**Activity:**
The response should consist of every line below, restated exactly, with no pictures.
BEGIN Input data
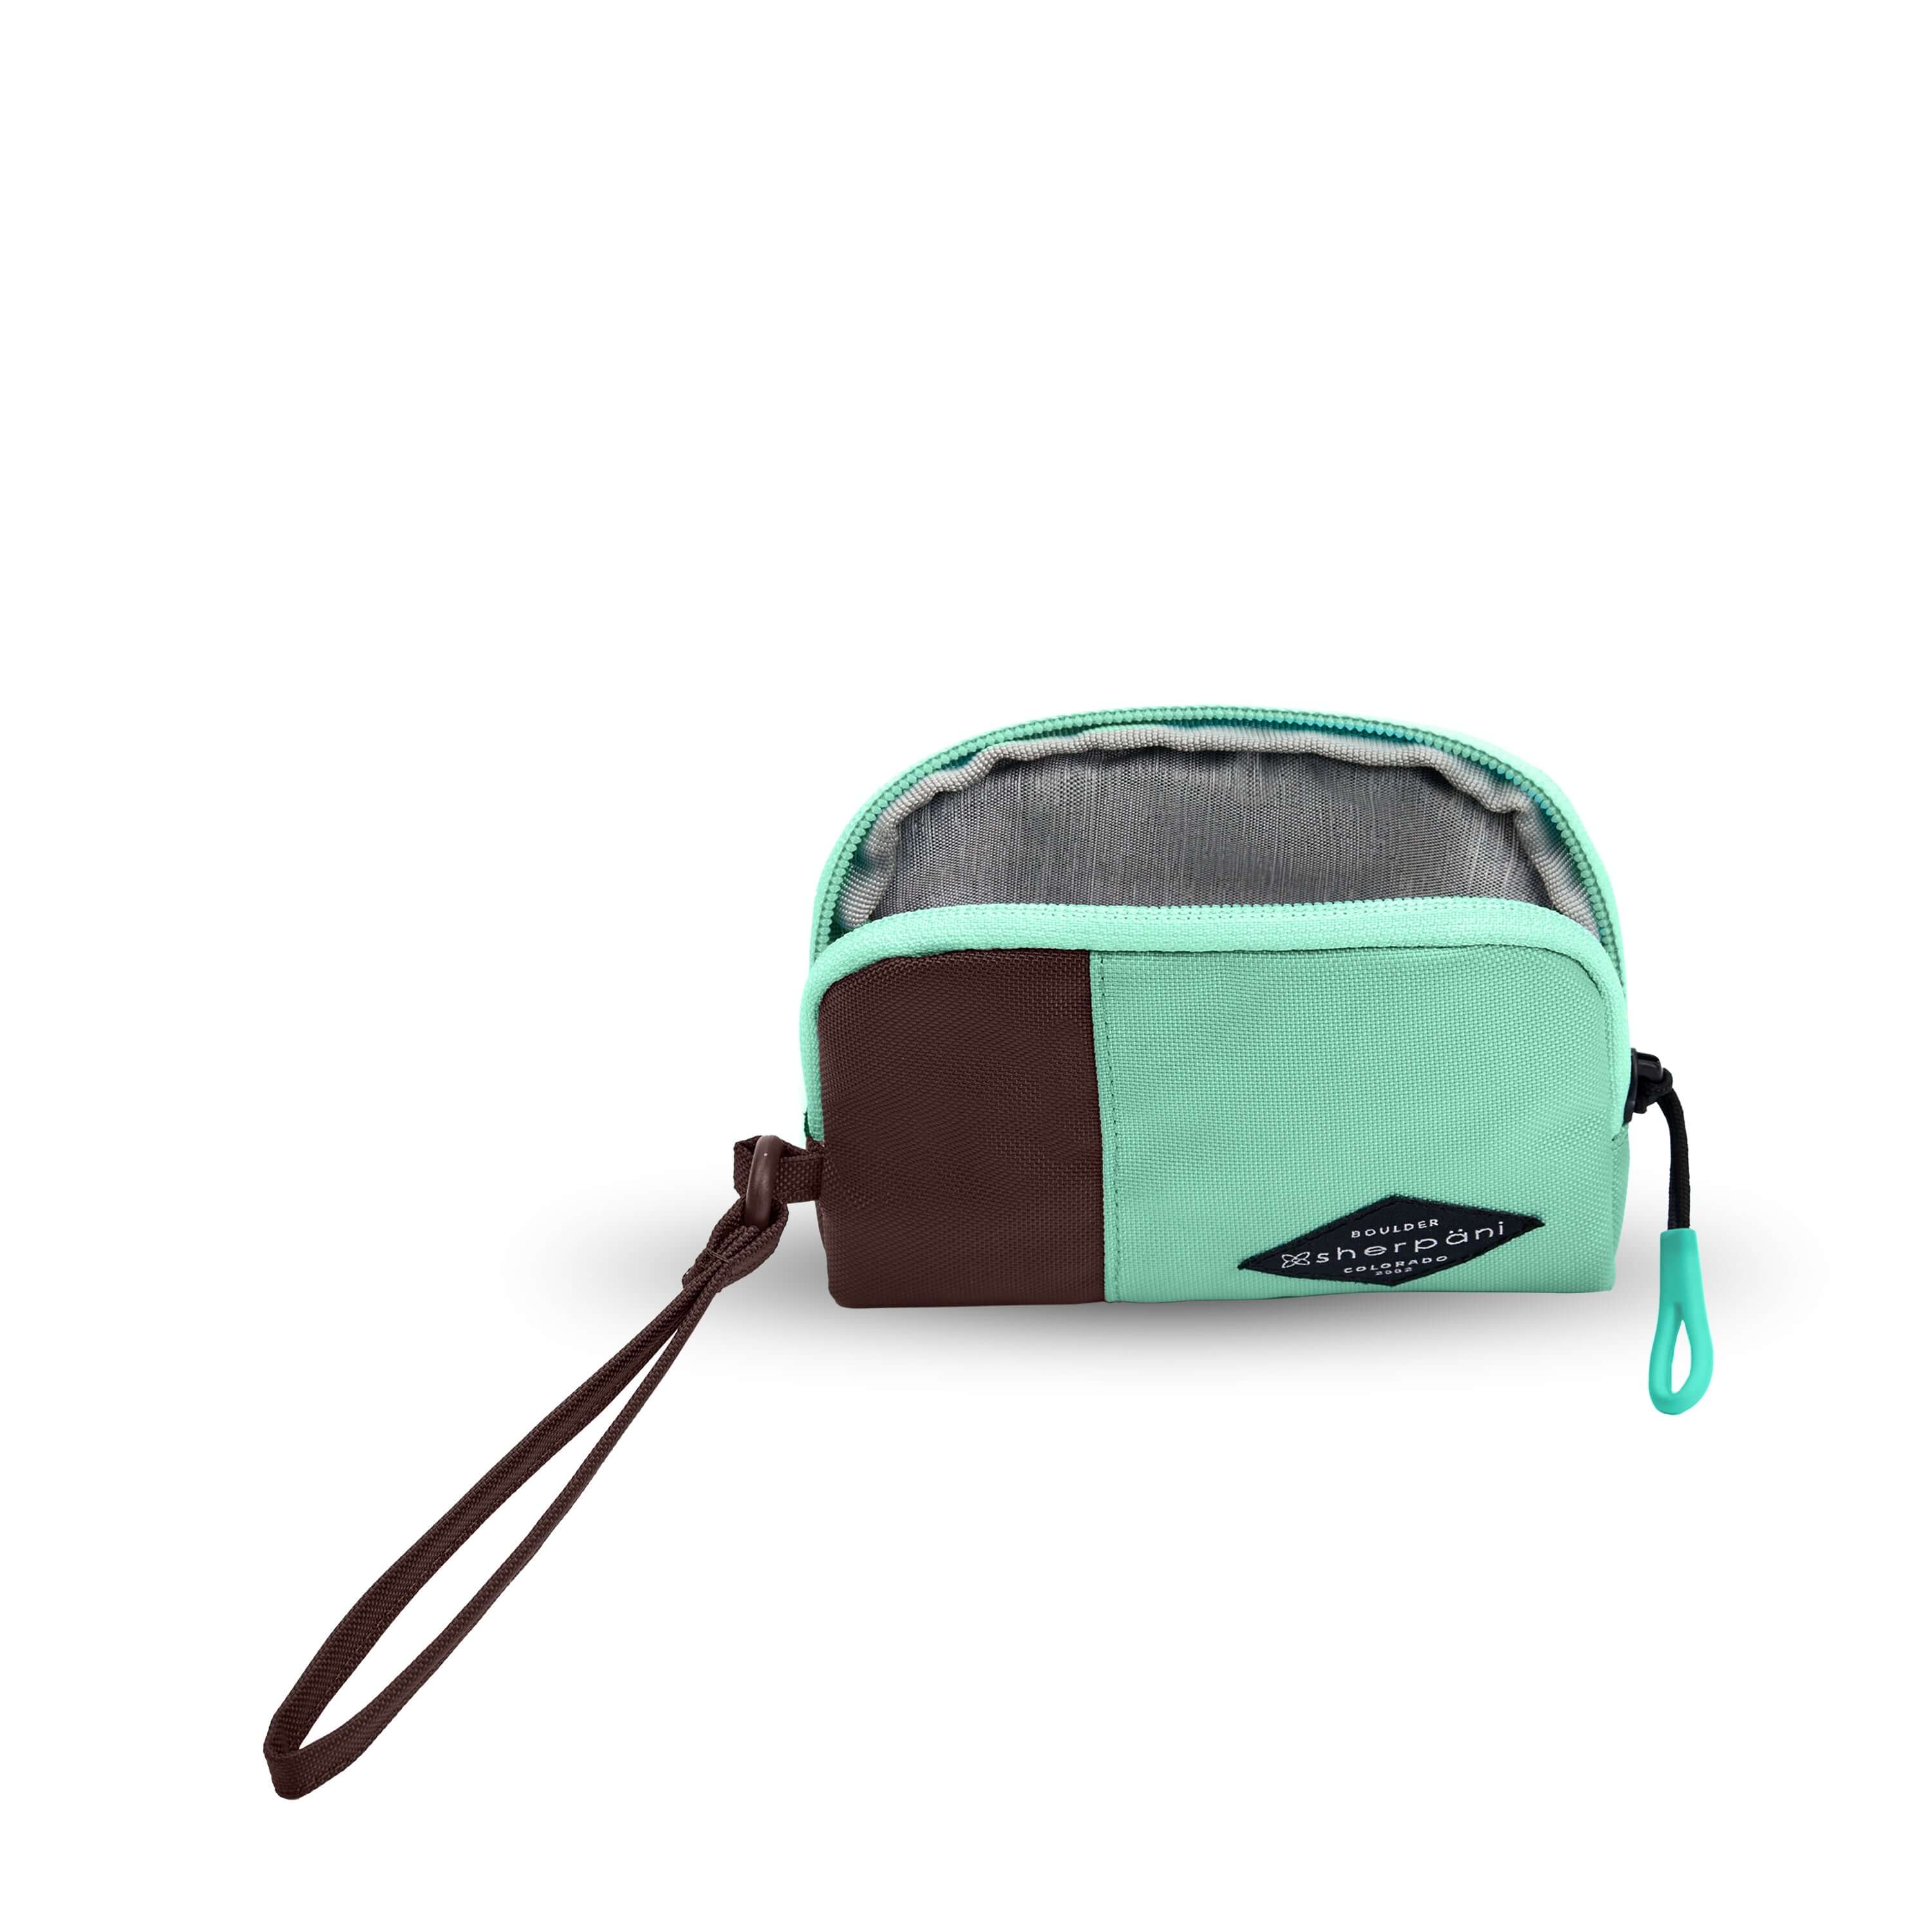 Top view of Sherpani travel accessory the Jolie in Seagreen, in small size. The pouch is unzipped to reveal a light gray interior.
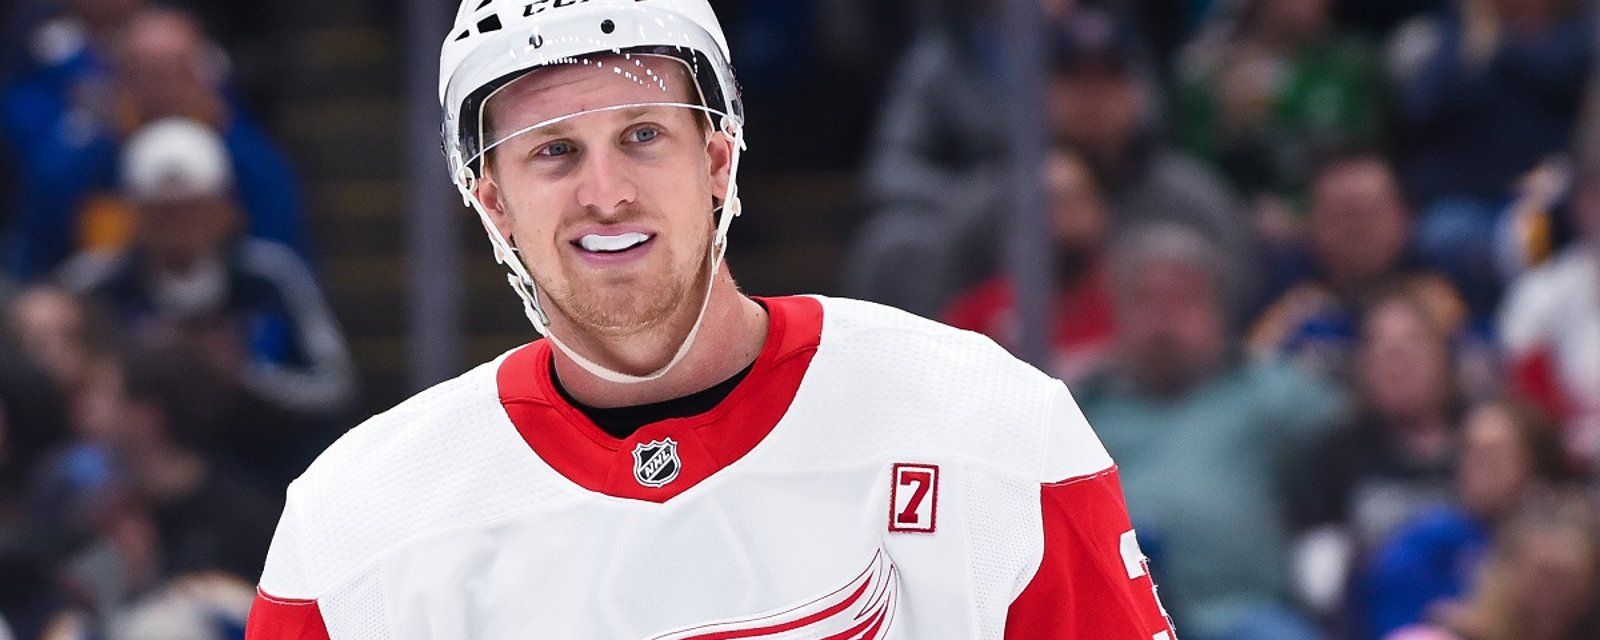 Anthony Mantha goes beast mode with 4 goals against the Dallas Stars.
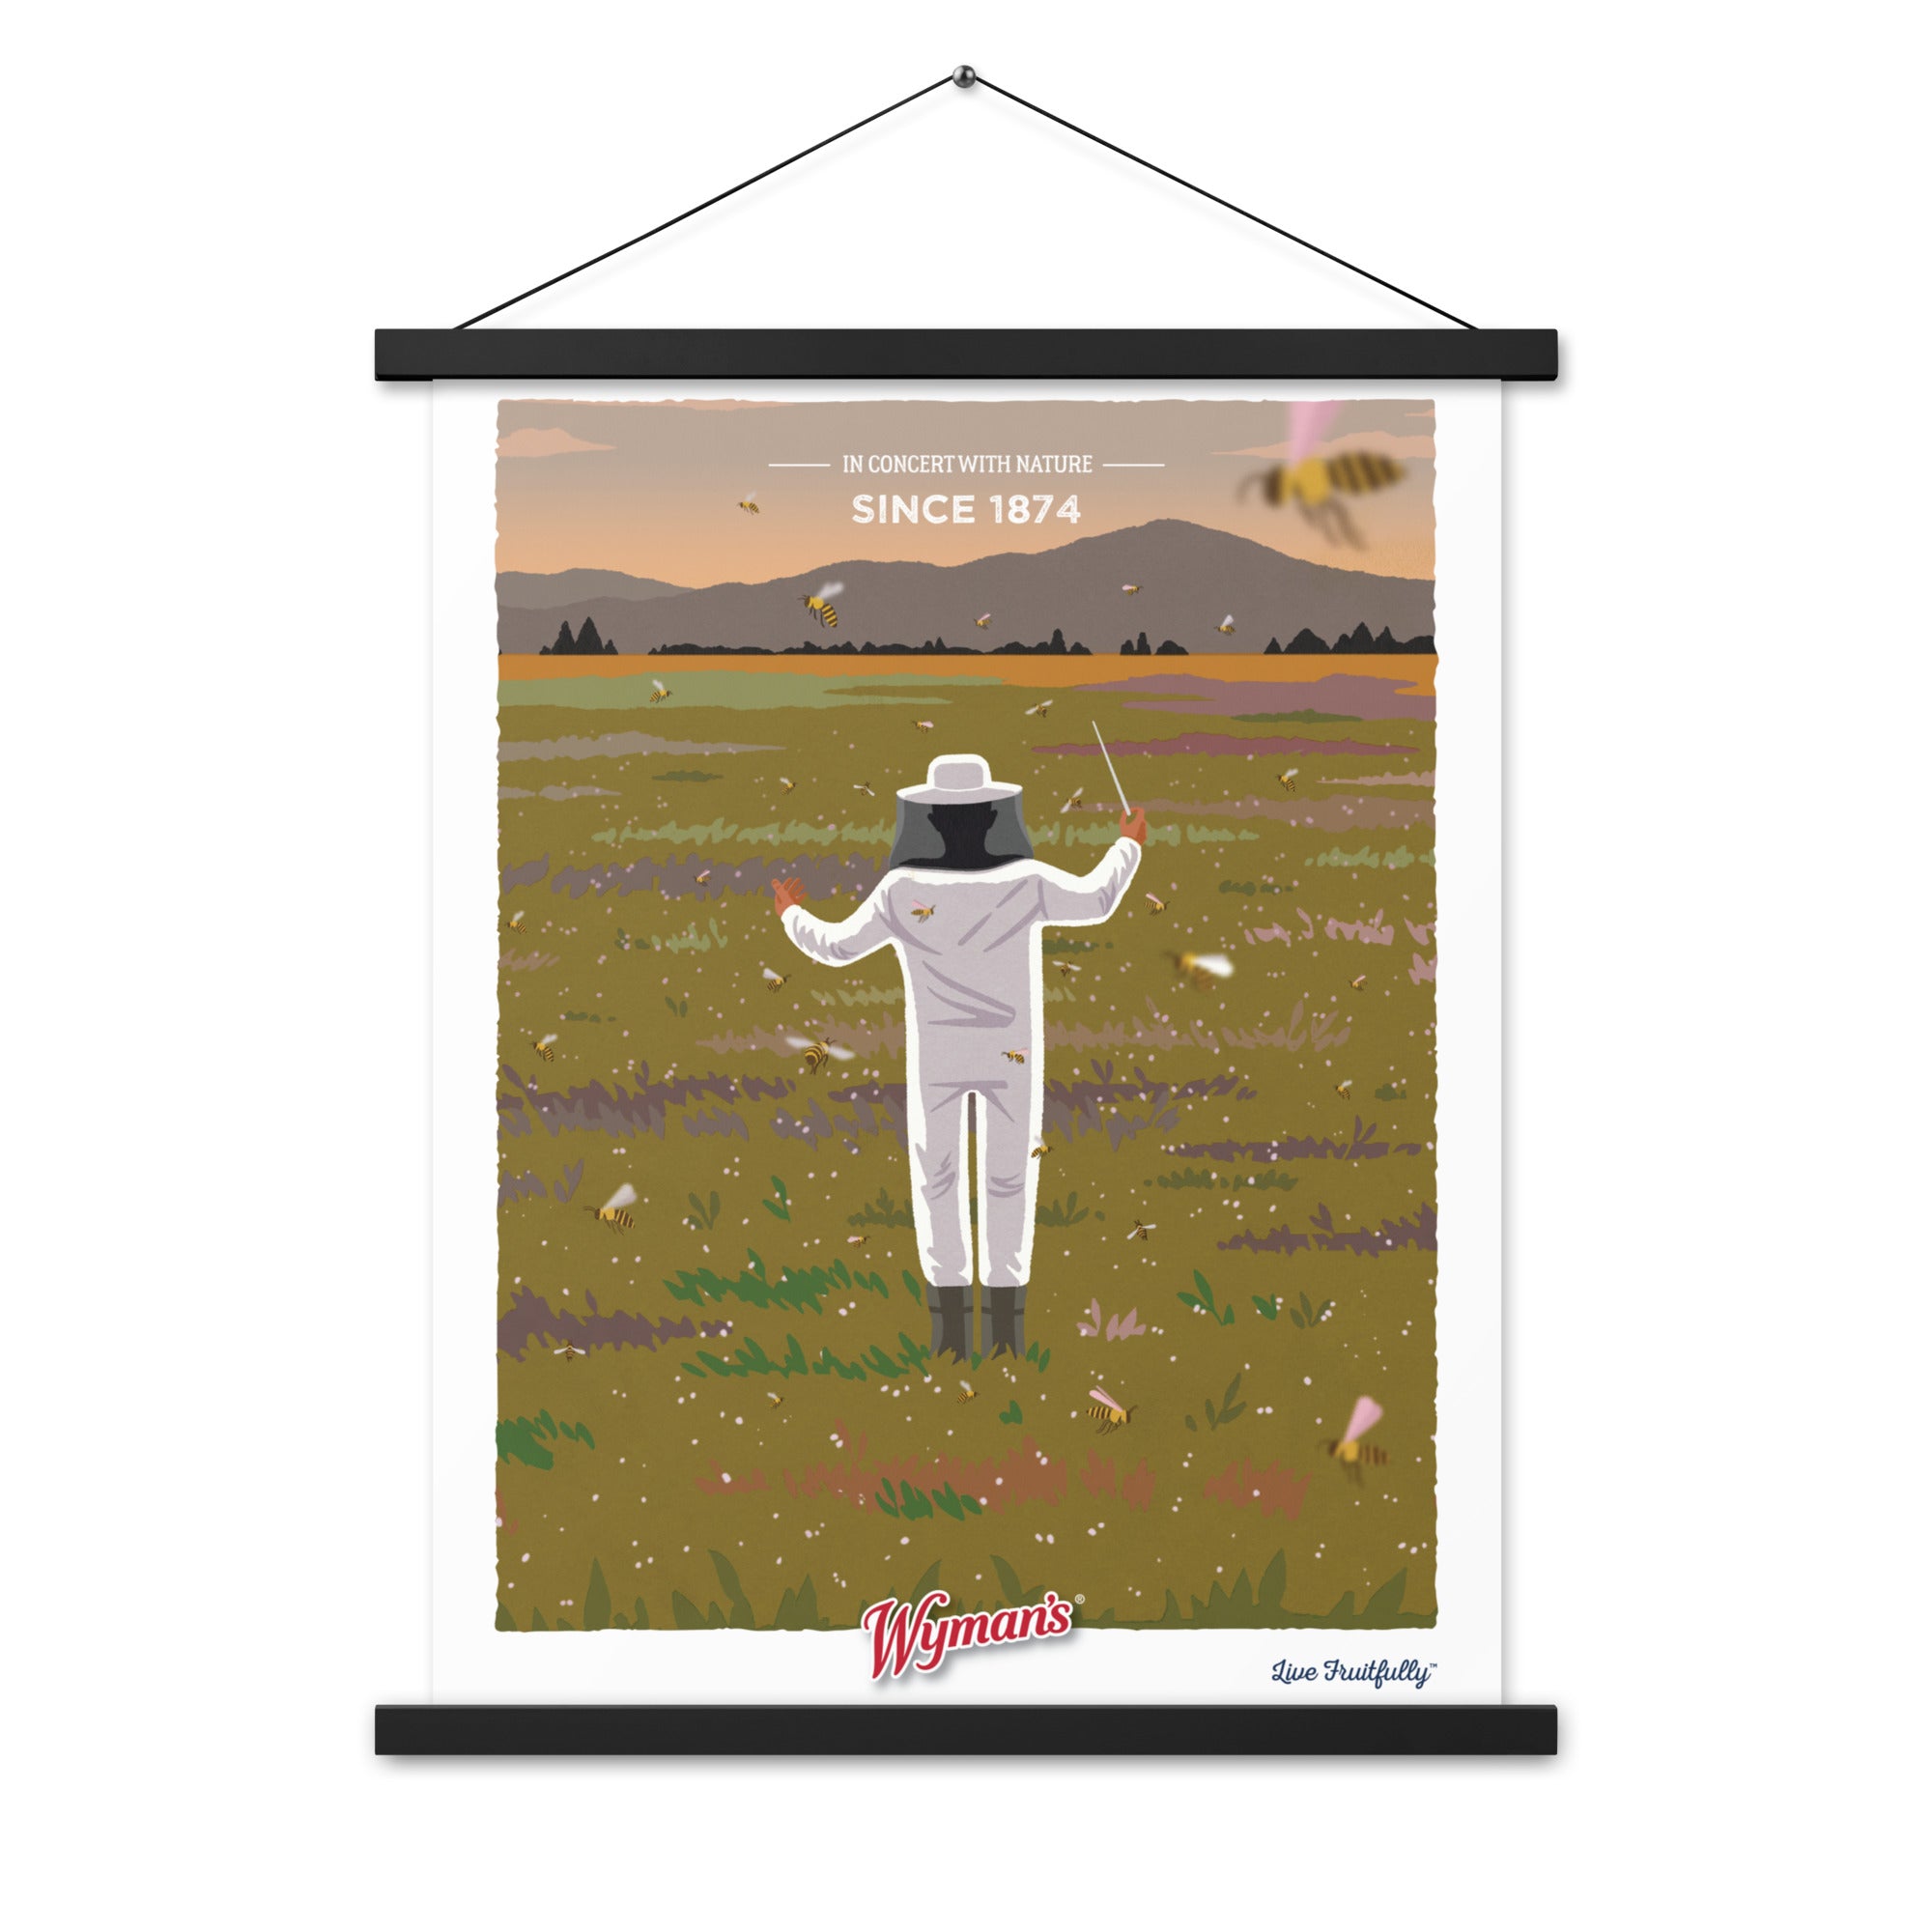 A Shop Wyman's In Concert with Nature Since 1874 Poster of a man flying a bee in a field with custom printing finishes.
END Input data
**Finished exercise:**
 Top view of Sherpani travel accessory the Jolie in Seagreen, in small size. The pouch is unzipped to reveal a light gray interior.
 Anthony Mantha goes beast mode with 4 goals against the Dallas Stars.
 A Shop Wyman's In Concert with Nature Since 1874 Poster of a man flying a bee in a field with custom printing finishes.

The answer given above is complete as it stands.